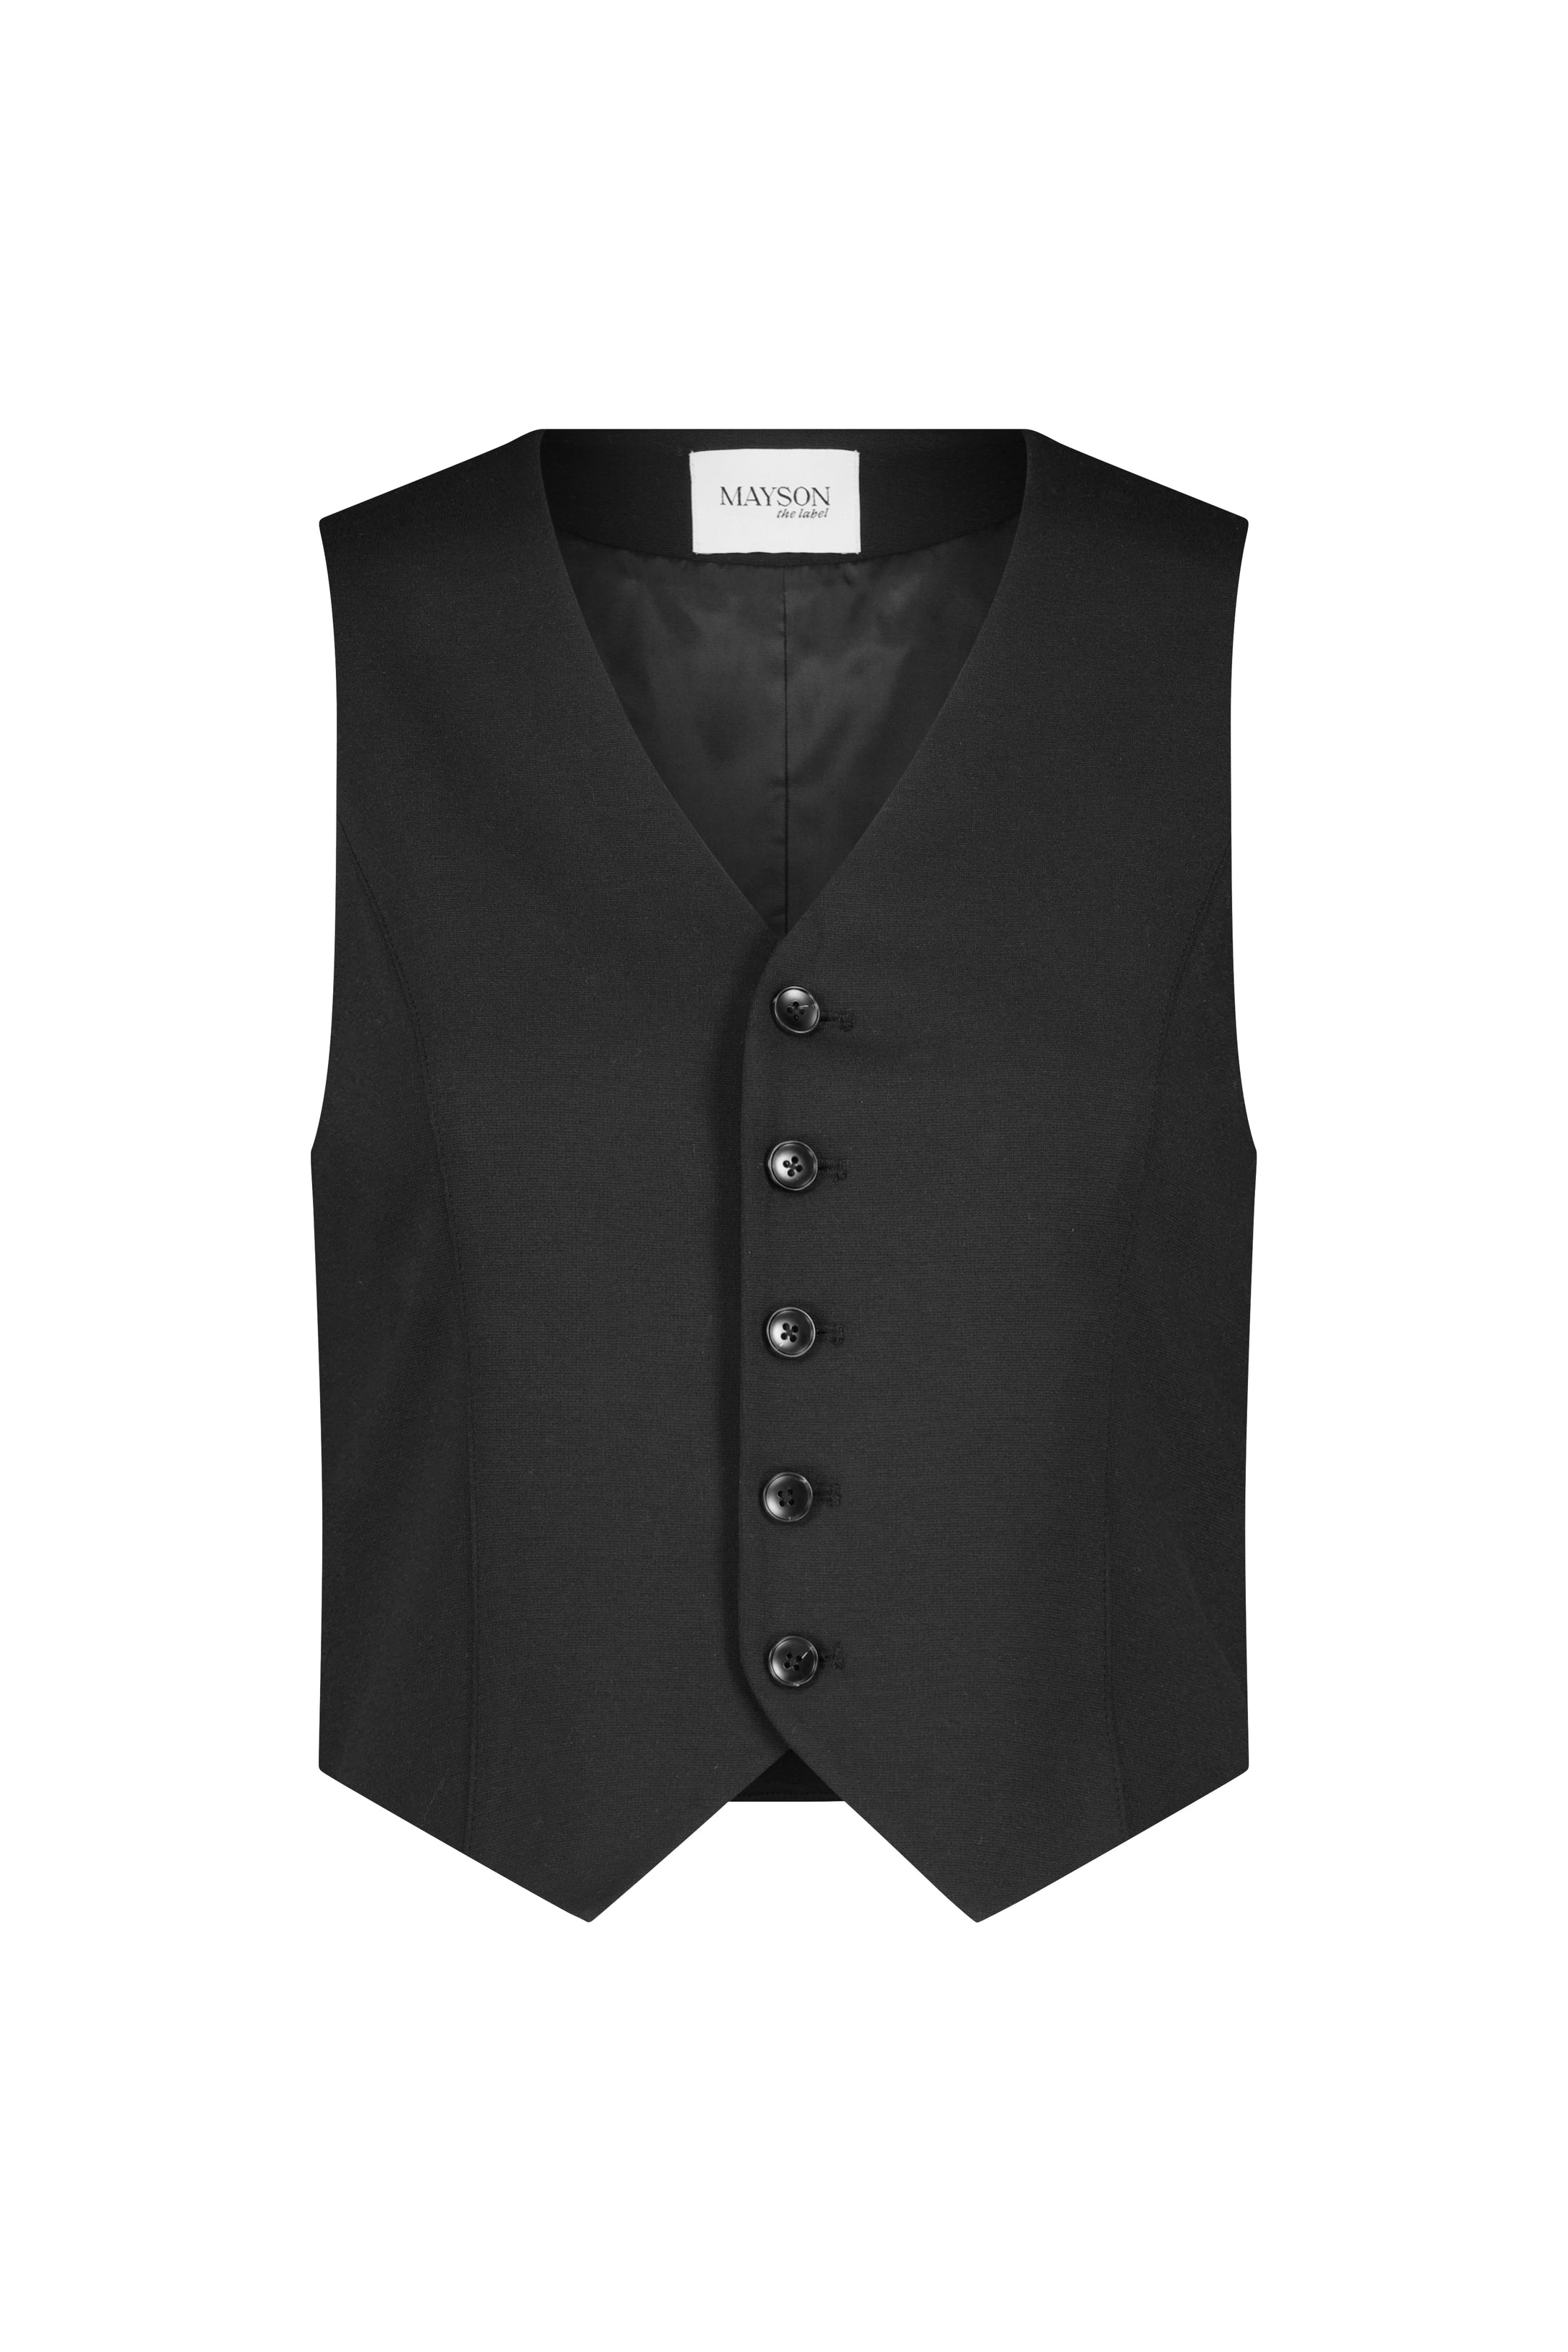 Slim-Fit Button-Front Vest label the MAYSON –
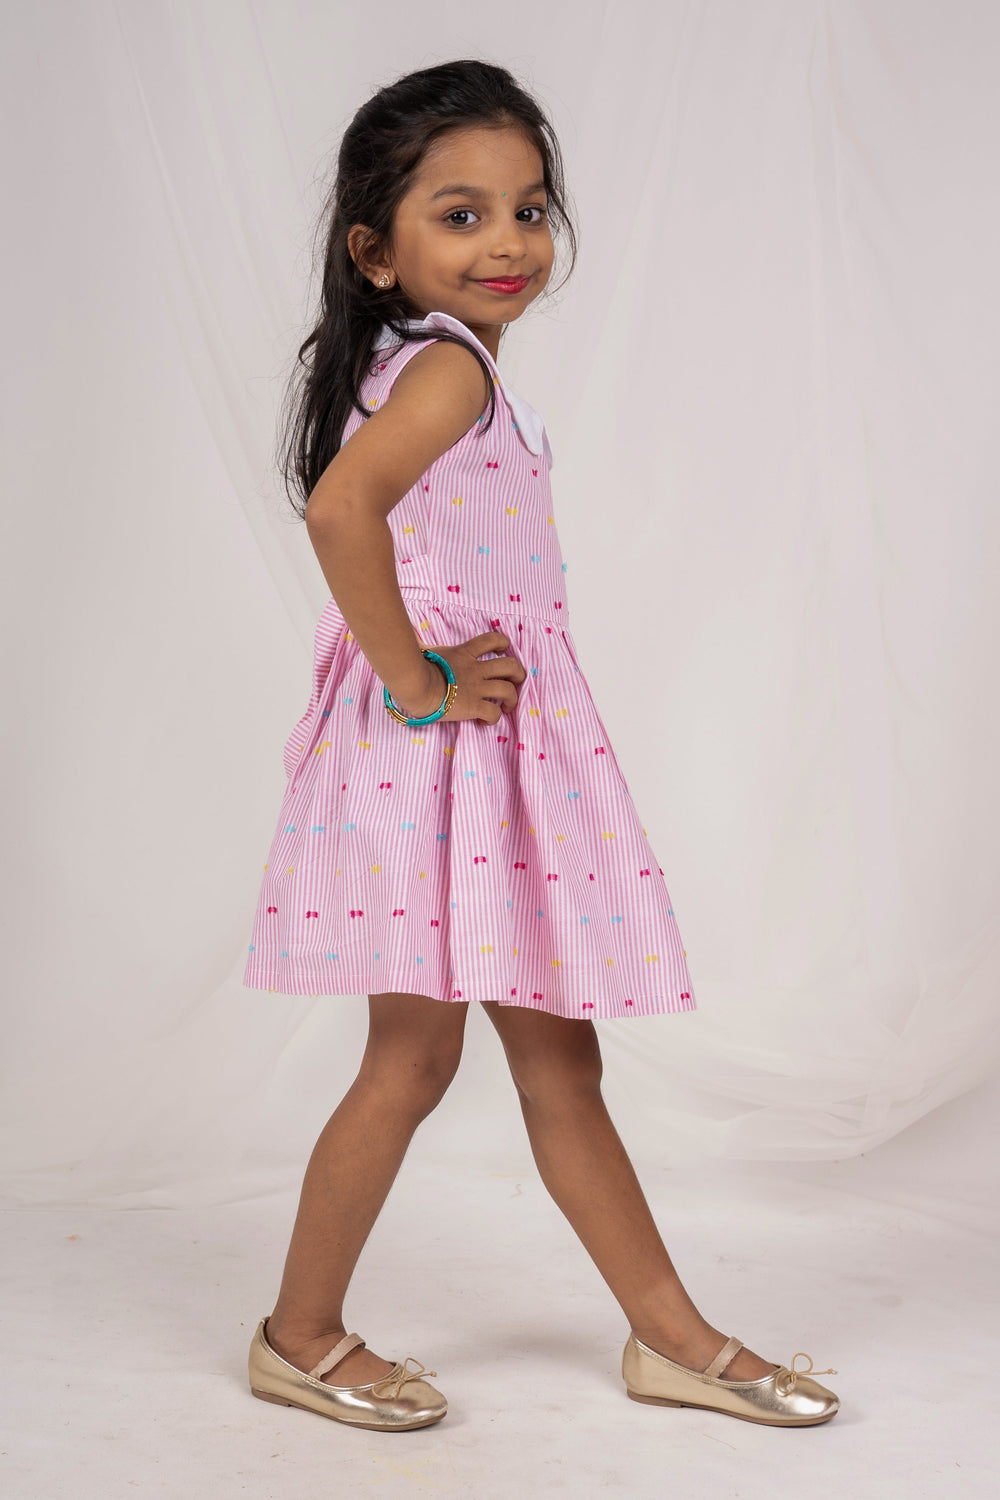 The Nesavu Frocks & Dresses Pink Striped Soft Cotton Peter Pan Collar Frock For Girls psr silks Nesavu
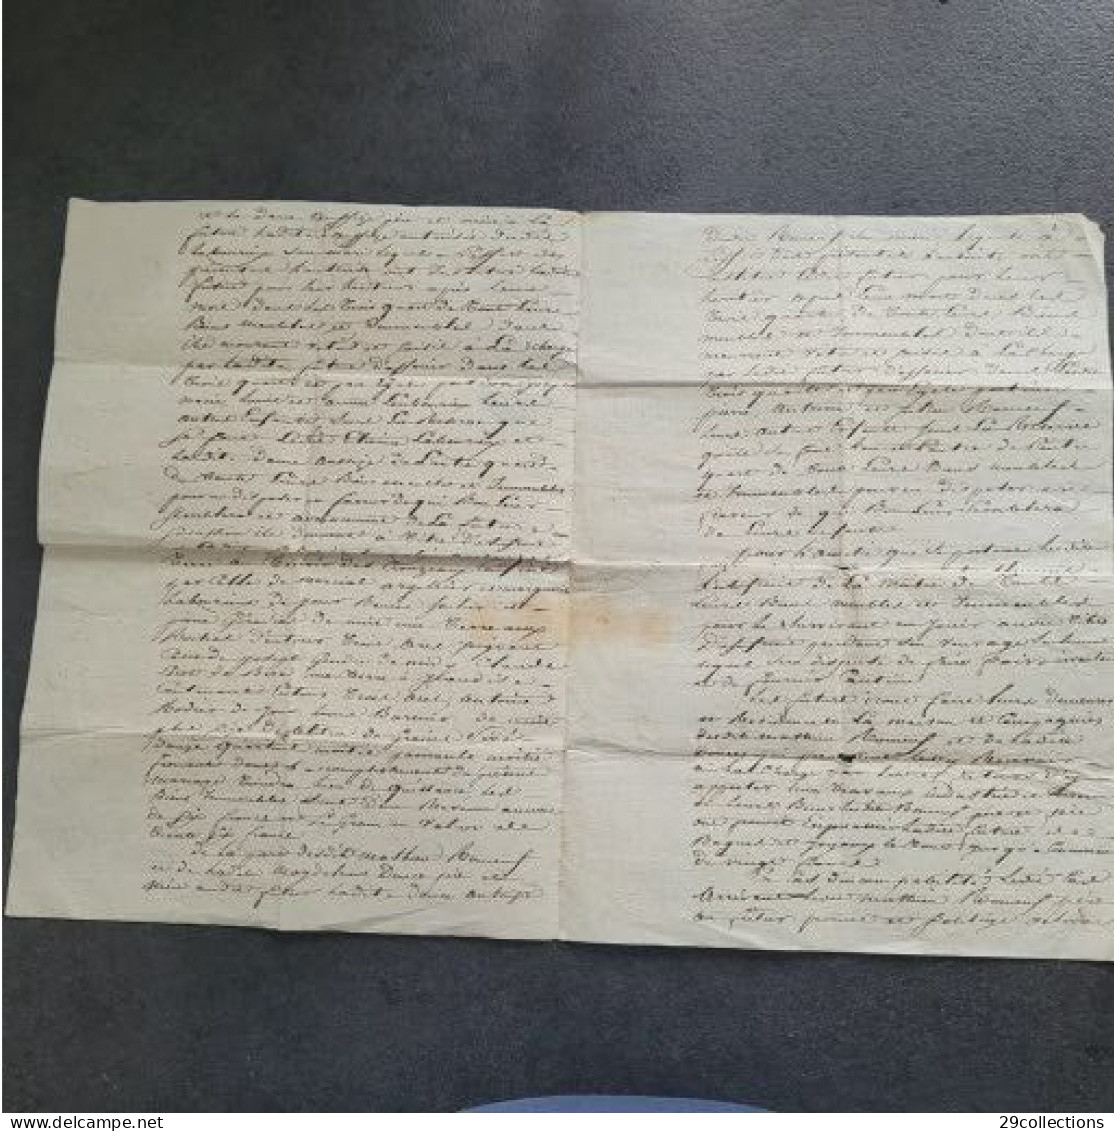 Acte 1813 mariage avec mention manuscrite rare "Pour Expédition" (par la Poste)

= DIRECTIONS =
Return all the material exactly, skipping pictures.

= SOLUTION =
 Slim-Fit Button-Front Vest label the MAYSON –
 The Nesavu Frocks & Dresses Pink Striped Soft Cotton Peter Pan Collar Frock For Girls psr silks Nesavu
 Acte 1813 mariage avec mention manuscrite rare "Pour Expédition" (par la Poste)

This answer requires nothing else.